Wajah Hwon mendadak sumringah dan ia langsung menjawab, “Katakan apapun itu. Aku akan memberikan semuanya.”

“Saya mohon agar Paduka meninggalkan semua yang terjadi malam ini. Matikan semuanya.”

“Jika aku mematikan semua kenangan ini, apakah kau akan mengubur kenanganmu juga?

Betapa kejamnya dirimu! Betapa tak berhatinya dirimu! Kau mengundangku datang  sehingga aku masuk. Dan ketika aku tak mau pergi, kau malah menyuruhku keluar. Walaupun sekarang aku pergi, tapi takdir kita tak akan berakhir.”

“Ini adalah takdir yang tak berarti.”

“Pertemuan badan ini bukan hanya satu-satunya takdir. Pertemuan hati kita juga adalah takdir. Kau tadi mengatakan kalau kau tak akan berbohong. Jadi bisakah kau memungkiri kalau malam ini hati kita tak pernah bertemu?

Alasan mengapa aku tak mengambilmu malam ini karena aku menjaga perasaanmu, jadi jangan pernah mengatakan dirimu serendah itu. Walaupun status sosial seseorang yang mengerti literatur itu rendah, tapi tidak dengan kepribadiannya. Dan malam aku akan pergi dengan membawa bulanmu.”

Dan dengan kata-kata itu, Hwon bangkit dan keluar bersama Woon, meninggalkan Wol yang terduduk di ruangan. Setelah berjalan cukup jauh, Hwon berkata pada Woon, “Hatiku sakit dan aku tak sanggup melihat ke belakang. Tolong lihatkan untukku. Apakah Wol melihat kepergianku?”

Woon melihat ke belakang, walaupun ia tak yakin alasan melihatnya karena perintah raja atau keinginannya sendiri. Tapi di belakang mereka, hanya tatapan Seol yang mengantar kepergian mereka.

“Ia tak melihat.”

“Ya, ya. Dan itu membuat hatiku berkurang rasa sakitnya. Woon, aku tak pernah menyangka kalau cahaya bulan dapat sangat menyilaukan.”

Di ruangan, Wol yang duduk terpaku bertanya pada Seol,

“Seol, apakah kau melihatnya pergi?”

Sambil menangis, Seol menjawab, “Ya, ia pergi! Ia benar-benar pergi!”

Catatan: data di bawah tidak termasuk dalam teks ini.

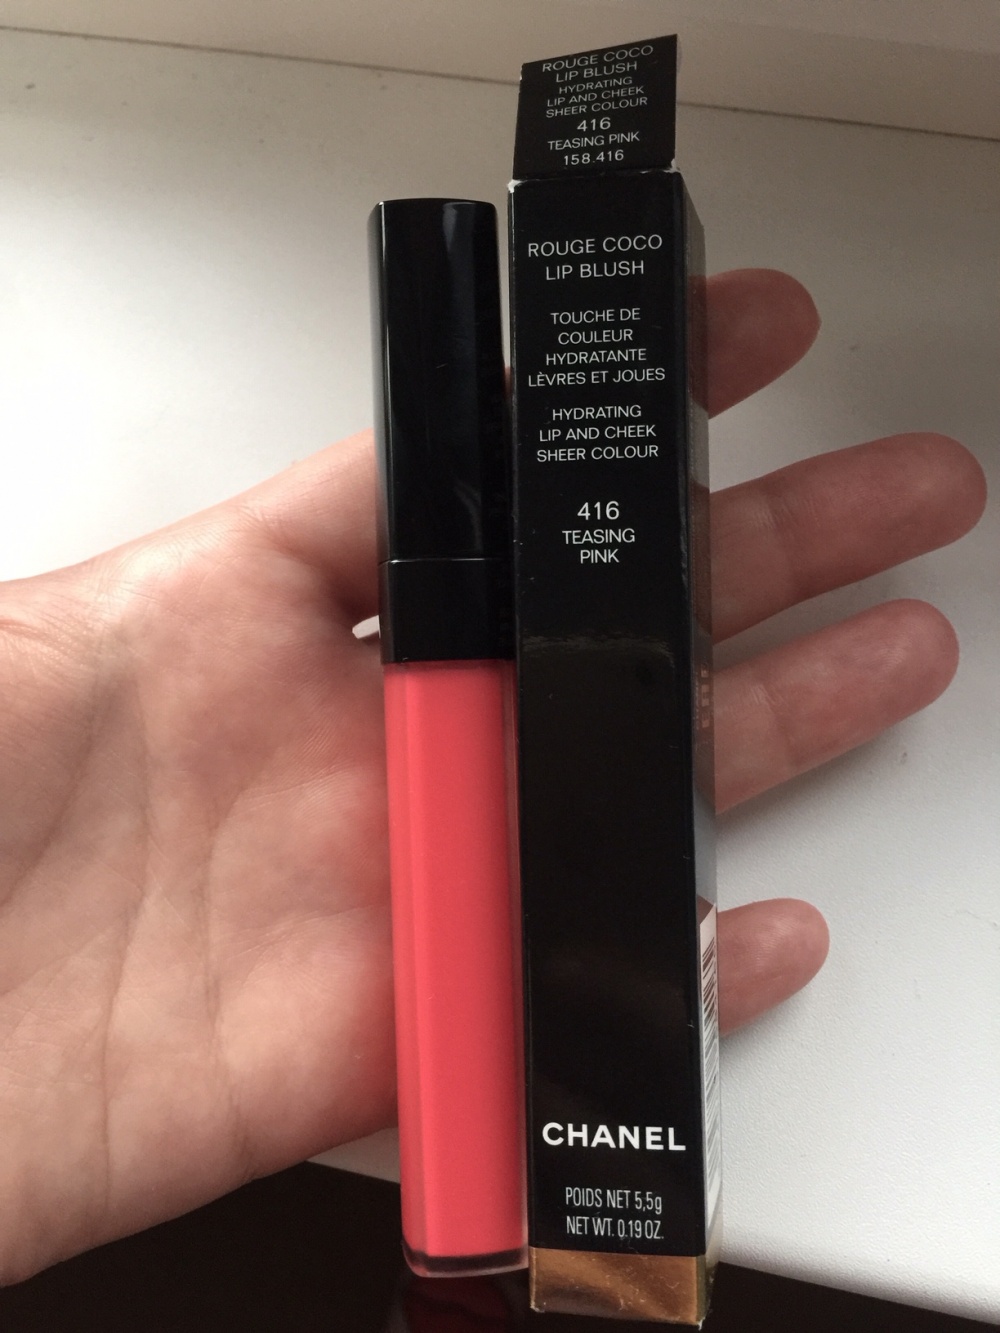 Матовая увлажняющая помада Chanel 416 , Dior карандаш для бровей 01 , тени Loreal

“Apakah ia melihat ke belakang?”

“Tidak! Ia tak menoleh sedikitpun.”

Wol perlahan bergumam, “Ya, ya. Dan itu mengurangi kesedihan hatiku. Seol, aku tak pernah menyangka kalau cahaya bulan dapat sangat menyilaukan.”

“Kenapa kau tak mengantarnya keluar? Kenapa kau hanya duduk di sini?”

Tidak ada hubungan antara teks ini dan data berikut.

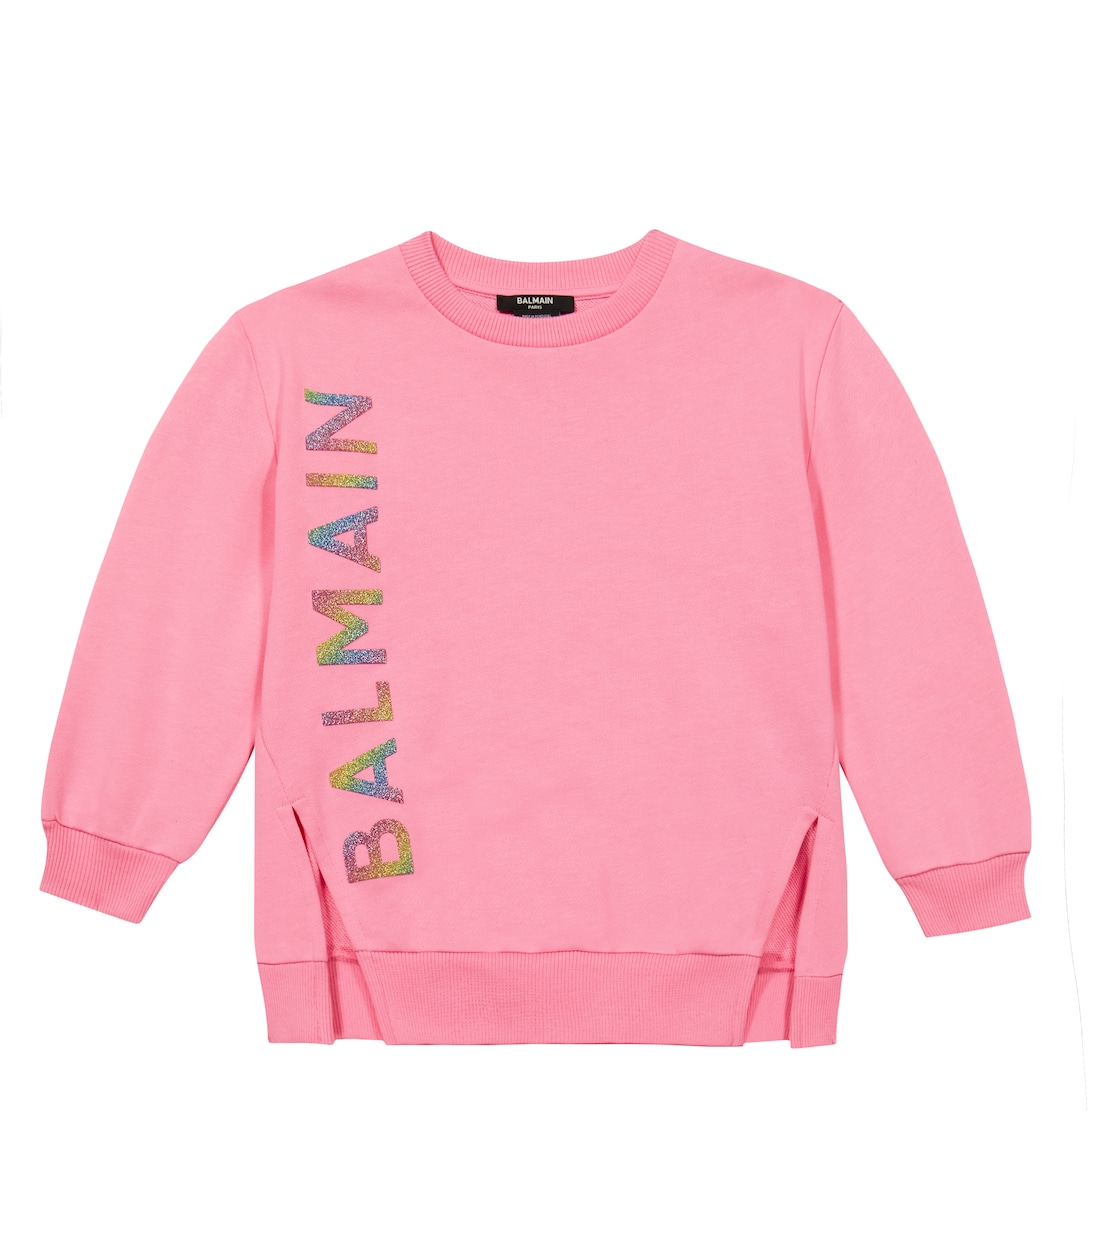 Толстовка из хлопка с логотипом Balmain, розовый платье толстовка из хлопка с логотипом balmain фиолетовый

Wol tersenyum lembut dan berkata, “Karena hujan yang mengantarkannya telah menempel di rumput, di tanah dan di angin. Dan setiap kali air hujan menetes di jubahnya, air itu akan menembus ke dalam baju, sepatu dan topinya, membawa hatiku bersamanya dan mengantarkannya pulang ke wisma kerajaan.”